8 Ottobre 2025
Antropogeografia

Motus in fine velocior – Rita Remagnino

L’Età della Civilizzazione non instaurò soltanto l’obliquità dell’eclittica, fissando l’inizio del Tempo nella sua dimensione più arcaica, imperniata sul concetto ciclico dell’Eterno Ritorno, ma introdusse nel panorama mondiale una nuova categoria di soggetti con i quali molti popoli dovettero rapportarsi: gli dèi-civilizzatori. In tale circostanza potrebbero affondare le radici della politica, inaugurata proprio dalla primordiale alleanza fra Uomini e Dèi: “io ti offro, tu mi dai” (A. Caillé, Il tramonto del politico, edizioni Dedalo, Bari, 1995).
Grazie a quel patto gli Uomini acquisirono dagli Dèi gli elementi mancanti (tecnica e sapere), integrandoli con successo a quelli già posseduti, mentre gli Dèi garantirono un futuro alla propria stirpe in fase di decadimento, decimata dagli agenti patogeni e dilaniata dalle lotte intestine.

Sotto questa spinta, il baricentro dell’azione sociale spostò tutta la sua ricchezza e complessità dalla Natura alla sfera umana, delegando al processo relazione → crescita il compito di manifestare l’esistenza di quell’Energia Vitale, innata nella specie umana, capace di rigenerarsi.
Quando poi gli «dèi» cominciarono a morire al pari di tutti gli altri, il patto venne rinegoziato, non potendo rompersi in quanto ciò che è dato mette radici, deposita ricordi e disegna obiettivi. Nacque probabilmente dagli aggiustamenti apportati in questo periodo la molteplicità di culti e riti legati alla Memoria, che, passando da una generazione all’altra, si arricchì di dettagli e sfumature. Ne risultò una galassia multiforme di codici espressivi e procedure ierofaniche capaci di trasmettere l’idea della presenza dell’Assoluto come fattore di protezione dell’uomo (M. Eliade, Il mito dell’eterno ritorno. Archetipi e ripetizioni, Lindau, Torino, 2018).

Così congegnata, la «fecondazione metafisica» prodotta dagli insegnamenti dei primi Maestri dell’umanità andò avanti a produrre frutti per un lungo periodo: il Sacro prosperava nella vita reale, mentre il Mito orientava quella spirituale.
Fino a quando l’uomo moderno, posseduto dalla scimmia dello scientismo, derubricò a semplice letteratura ciò che in realtà era «Storia Esemplare» (Eliade, op. cit.), ovvero narrazione archetipale creata per descrivere situazioni e avvenimenti situati in principio, nel tempo sacro che appartenne alle Origini.

 

La realtà ignora la fantasia

Partito da un nucleo storico, ovvero dall’esperienza reale, il Mito fu caricato in seguito di importanti verità culturali e spirituali, diventando «narrazione atemporale». Ammettiamo pure che passando di mano in mano alcuni eroi, o sovrani carismatici, siano stati impropriamente elevati a divinità, o che importanti allegorie abbiano generato equivoci e fraintendimenti.

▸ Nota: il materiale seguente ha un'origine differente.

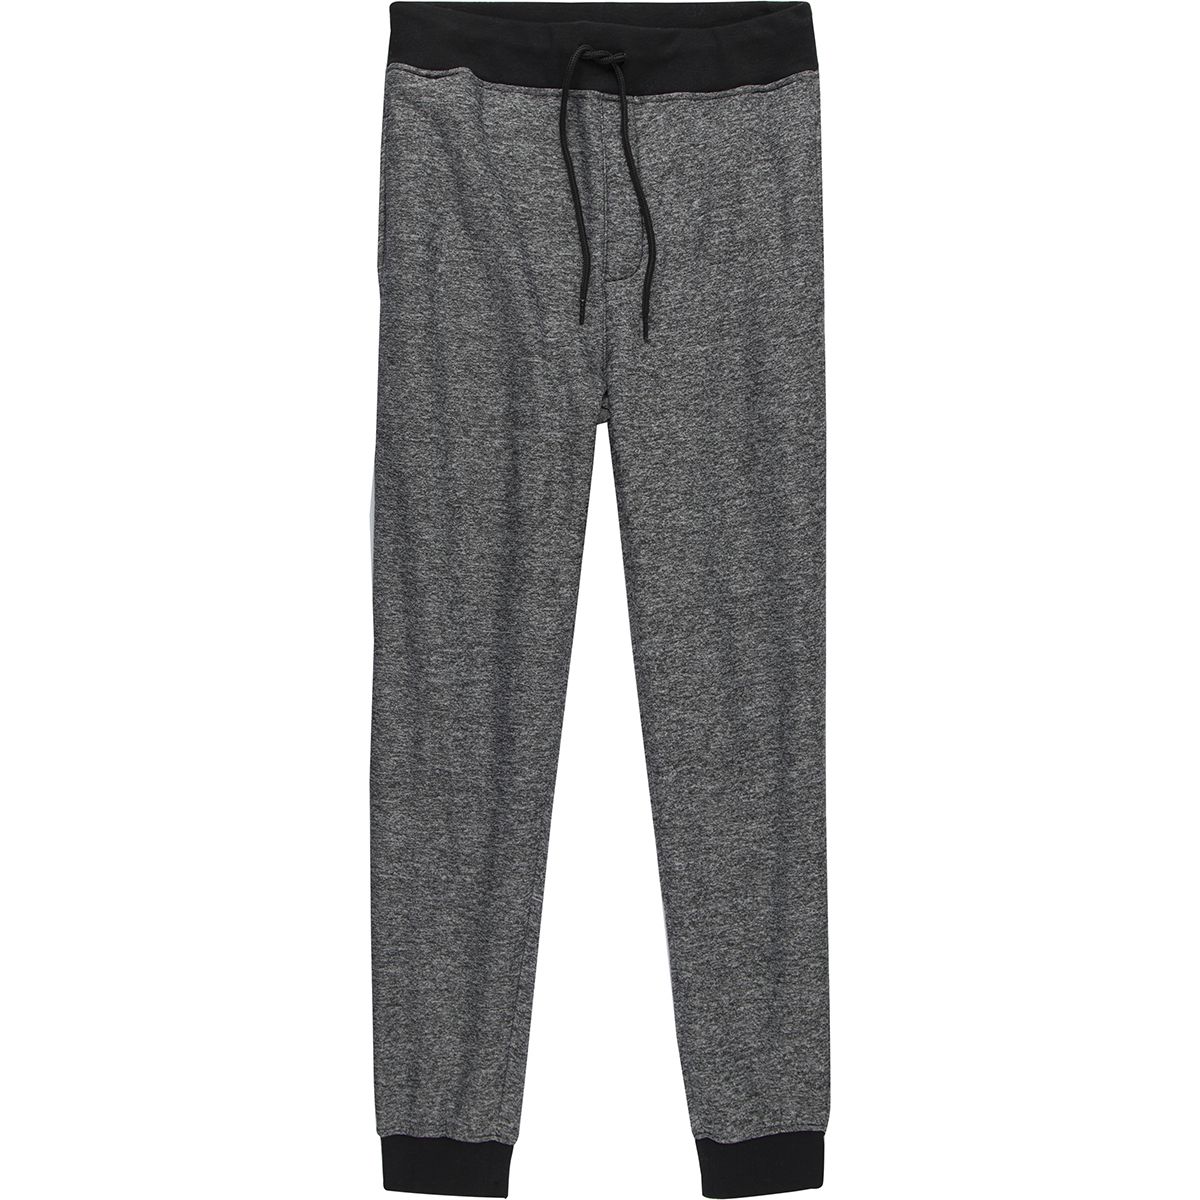 Stoic Sherpa Lined Sweatpant - Men's - Clothing

Ma i ritocchi formali non hanno intaccato l’essenza del messaggio originario, né giustificano l’atteggiamento di sufficienza riservato alla mitologia, diventata negli ultimi secoli talmente estranea «all’esperienza dello studioso da indurlo a negarne la realtà» (Robert Graves, nell’introduzione a The New Larousse Encyclopedia of Mythology, 1989).

Purtroppo l’attuale mondo della cultura sta ancora smaltendo i postumi dell’ubriacatura modernista, che bollando le storie tradizionali come prive di «fondamento scientifico», le ha ridotte a meri prodotti di superstiziosa ignoranza (Voltaire). Ogni Era porta sfortunatamente sulle spalle il peso delle teorie che produce e deve curarne le piaghe fondatrici, che, per quanto ci riguarda, risiedono nelle certezze infondate sulle «magnifiche sorti e progressive», motore dell’avanzamento inarrestabile dalla barbarie alla civiltà.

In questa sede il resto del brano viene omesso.